Хотя мой бутерброд, конечно, выглядит странно: батон расплющился, а масло размазалось по пакету.
– Бутер! – с гордостью заявляю я, потому что мне всё-таки удалось сохранить его в целости. – Я несла его специально для тебя! Он очень вкусный, попробуй!
И мой желудок в подтверждение издаёт протяжный громкий рык. Но я ещё успею к обеду в Центре.
– Ступай домой, Лисичка, – смотрит мне прямо в глаза Санта, а потом поспешно устремляется к своему жилищу и сразу же запирает за собой дверь.
А я всё стою как стояла и продолжаю улыбаться. Как будто чувствую, что сегодня за мной в Центр придёт мама.
Глава 6
Я постоянно ломаю голову и думаю, что же такое счастье, какое оно для меня? Наверное, оно для каждого из нас разное, своё собственное. У кого-то большое и надёжное, у кого-то сладкое, в вафельном стаканчике. А у другого, может быть, яркое и искрящееся, как взрывы фейерверка.
Я не знаю, какое оно у меня, но, когда я его чувствую, внутри становится тепло-тепло, почти жарко. Даже если дома остывшие батареи. Даже если мы с мамой едим холодные слипшиеся макароны. Даже если за окном первый лёгкий мороз, а я без штанов и без шапки, как сегодня. Ведь шапку я отдала Джульбабосу, а колготки надела грязные. Но когда пришла в школу, застирала и повесила на батарею в туалете ещё до начала первого урока, чтобы Мухин больше не называл меня заразной дебилкой.
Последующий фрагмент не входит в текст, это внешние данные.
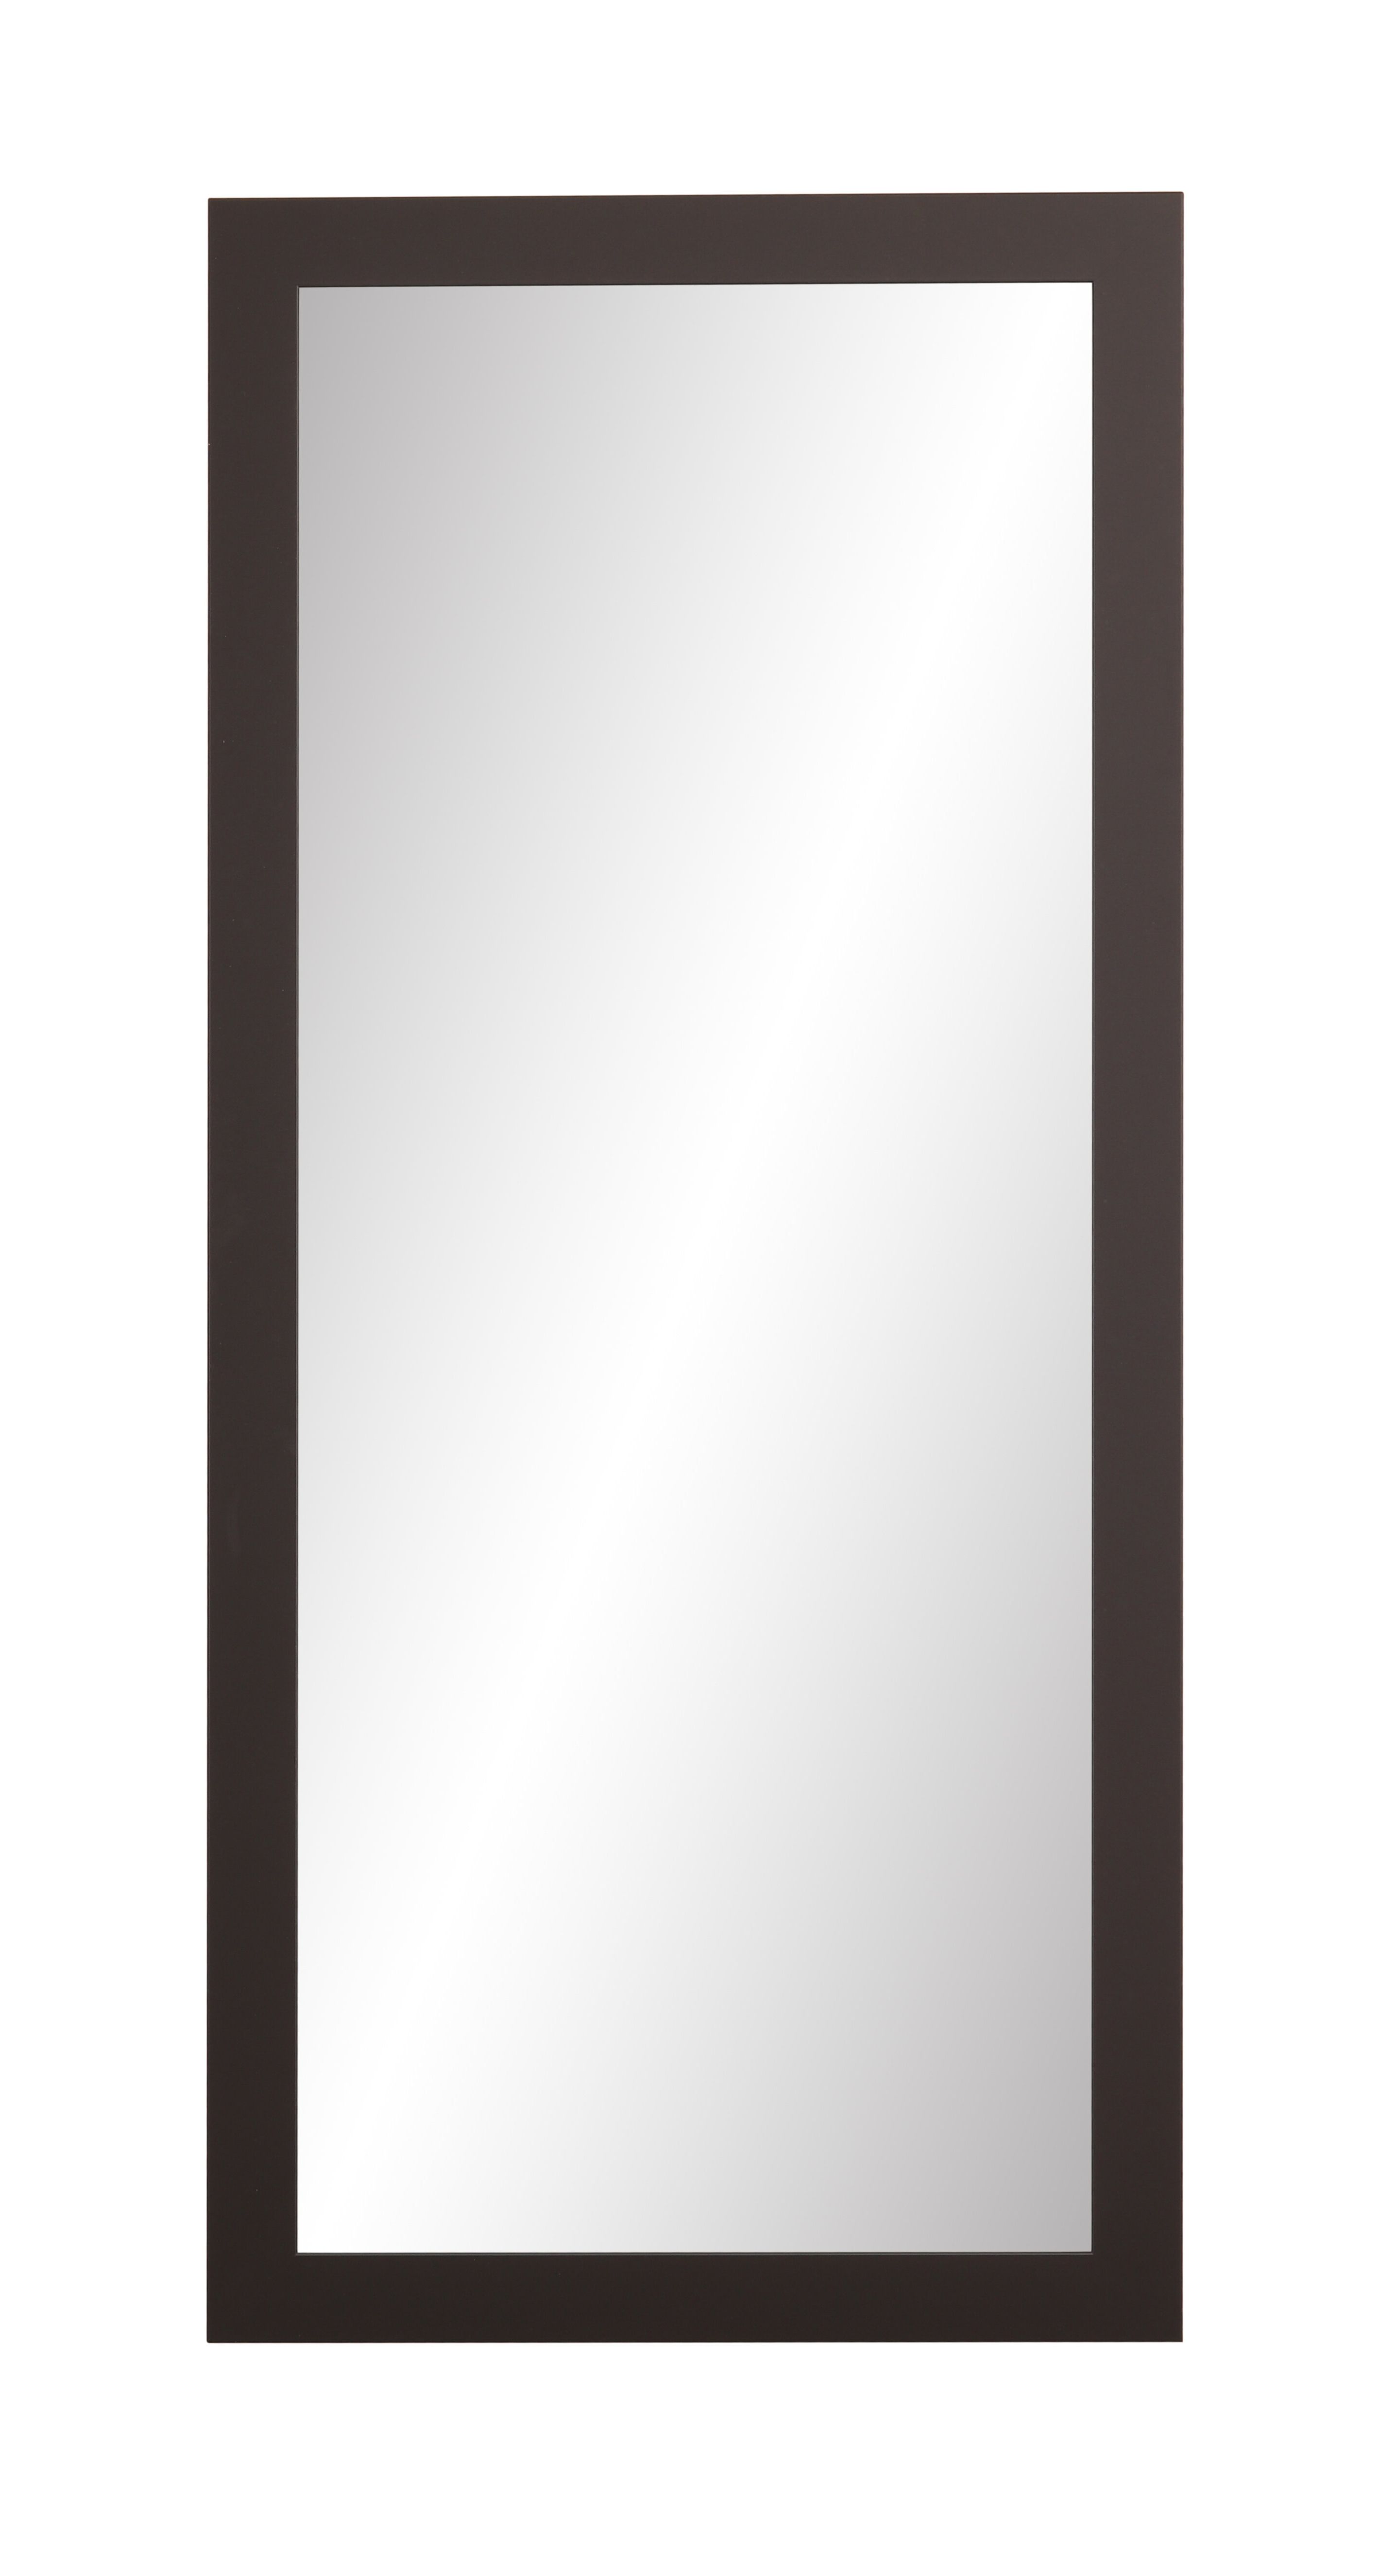 Trendy Jameson Modern & Contemporary Full Length Mirror Intended For Jameson Modern & Contemporary Full Length Mirrors (View 1 of 20)

Смотрю на доску, переписываю в свою тетрадь всё то, что изобразила наша учительница, Анна Максимовна, и чувствую себя абсолютно счастливой. Тем более что сегодня к нам в Центр наконец-то должен прийти Пашка.
– Лиза! Лиза Вертеньева! – окликает меня учительница после уроков. – Задержись, пожалуйста, на минутку.
И я, прикрыв голые колени рюкзаком, бреду к её столу. Потому что заранее знаю, что она мне скажет. Точнее, спросит. Поэтому прячу глаза и, чтобы не было скучно, рассматриваю чёрные чёрточки на линолеуме. Они повсюду, и я перескакиваю с одной на другую: с большой – на маленькую, с крохотной – на огромную.
– Лиза, скажи… – аккуратно заглядывает мне в лицо Анна Максимовна, и я невольно скукоживаюсь. Сейчас спросит, сейчас… и вот: – А ты сегодня где ночевала?
Наверно, она уже увидела.
Теперь мне незачем прятать ноги.
Но как она не понимает, что это всё пустое?
Что мне без разницы!
Мне совсем не холодно.
Я счастлива!
– Дома.
Кивает с кислым выражением лица, как будто мне очень срочно посочувствовать нужно.
Зря она это всё.
Дома мне было хорошо и спокойно.
– Октябрь на улице… – качает головой. – Лиза! Ты же взрослая девочка!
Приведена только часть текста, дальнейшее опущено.